Requirement
Below are records with pictures. Reproduce exactly the lines from the line with "LED Leuchtmittel Gabriel" to the line with "otc diesel injecteur", inclusive, and leave each picture out.

*** Data section Section Begins ***

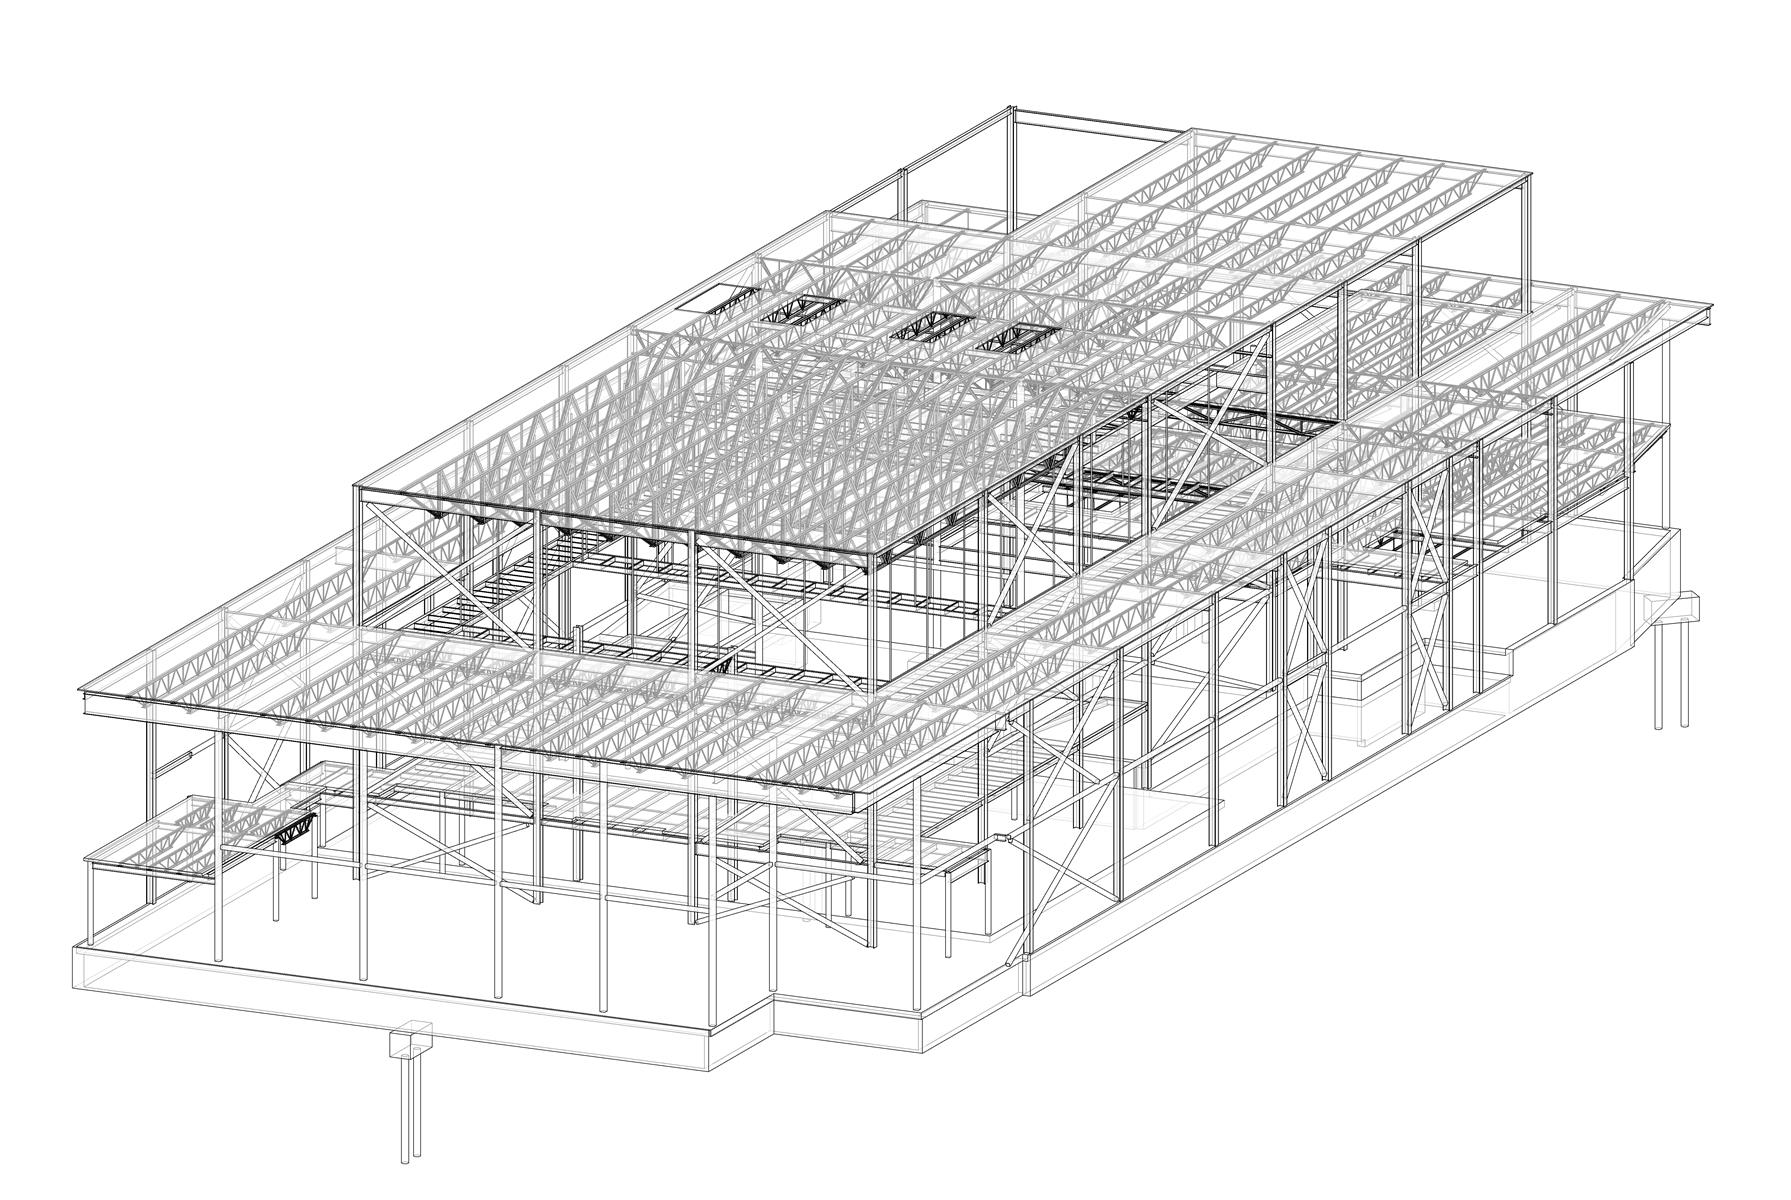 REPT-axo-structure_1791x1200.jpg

*** Data section Section Ends ***
*** Data section Section Begins ***

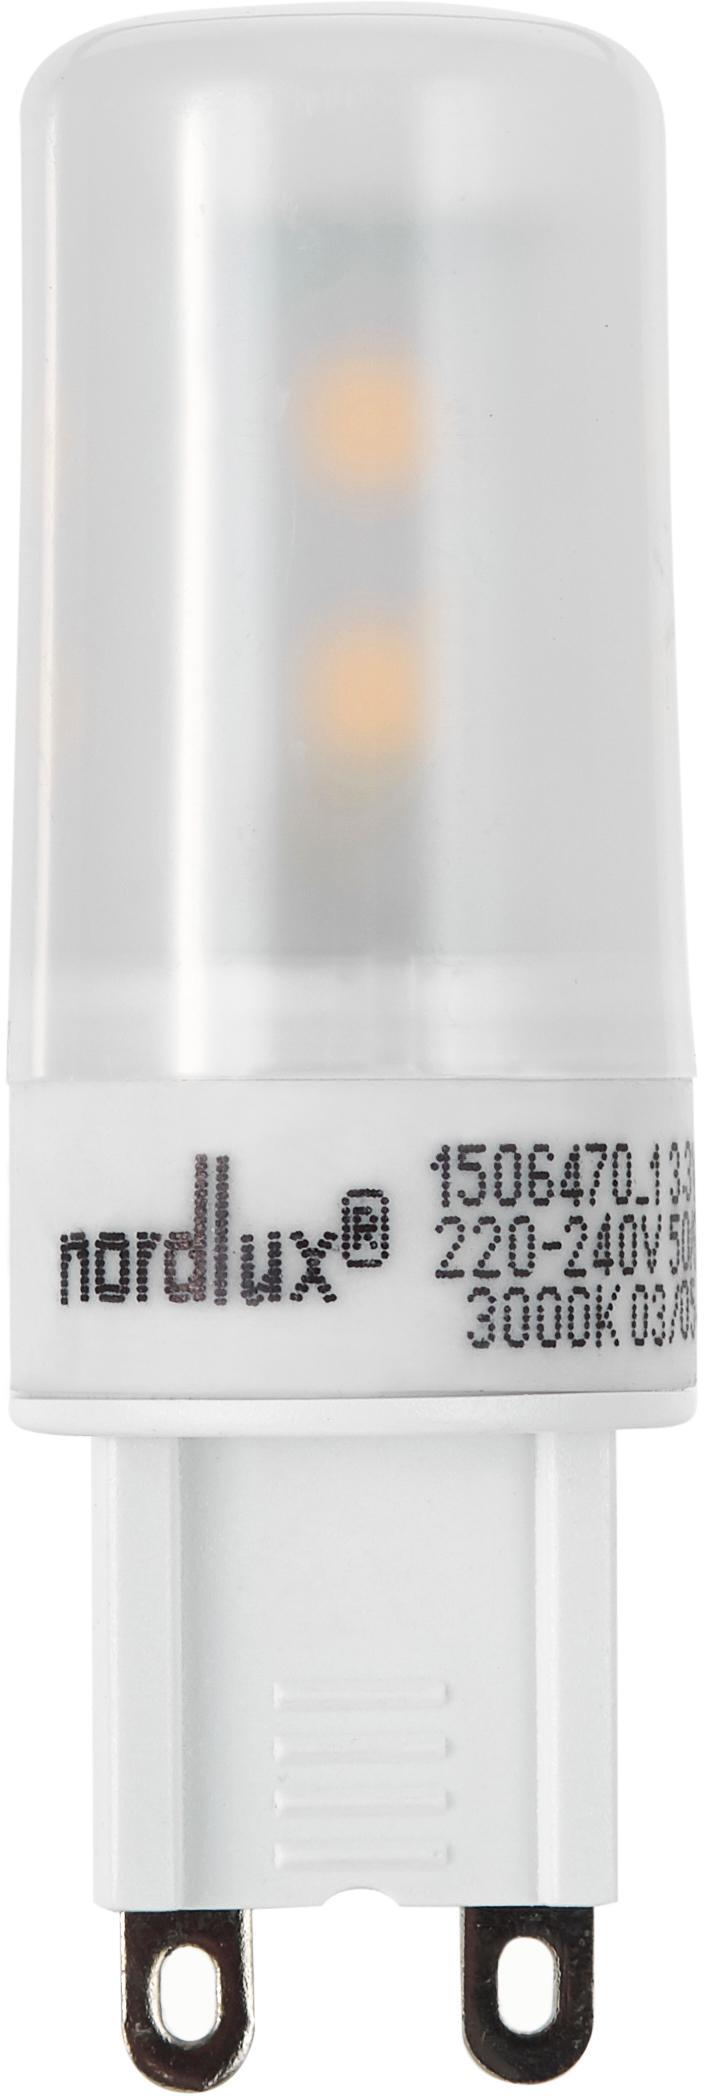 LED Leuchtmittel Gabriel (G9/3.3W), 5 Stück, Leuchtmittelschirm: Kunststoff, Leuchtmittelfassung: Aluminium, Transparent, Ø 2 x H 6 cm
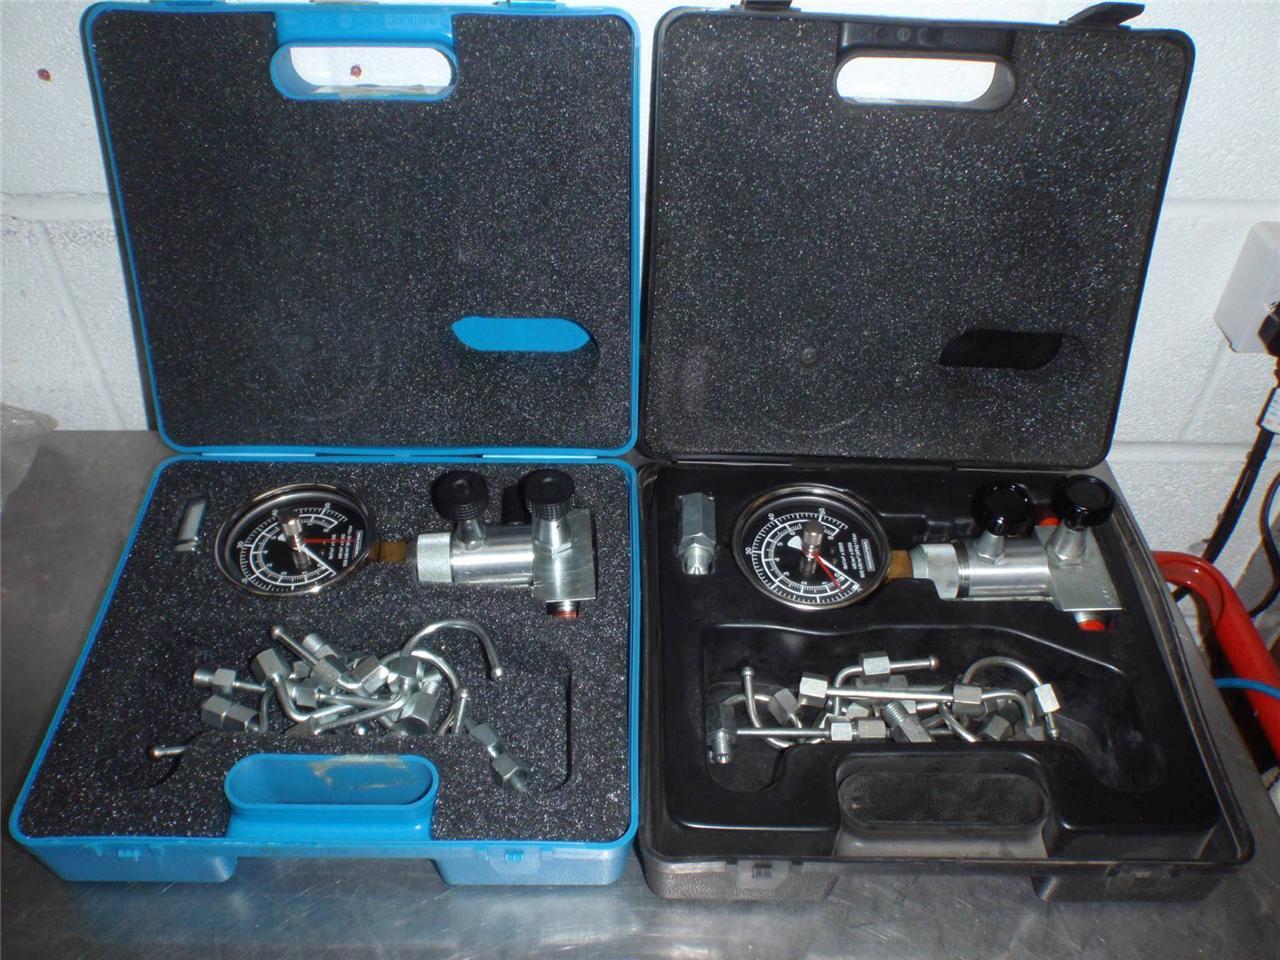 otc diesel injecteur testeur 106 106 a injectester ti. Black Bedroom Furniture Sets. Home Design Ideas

*** Data section Section Ends ***

Exercise solution
 LED Leuchtmittel Gabriel (G9/3.3W), 5 Stück, Leuchtmittelschirm: Kunststoff, Leuchtmittelfassung: Aluminium, Transparent, Ø 2 x H 6 cm
 otc diesel injecteur testeur 106 106 a injectester ti. Black Bedroom Furniture Sets. Home Design Ideas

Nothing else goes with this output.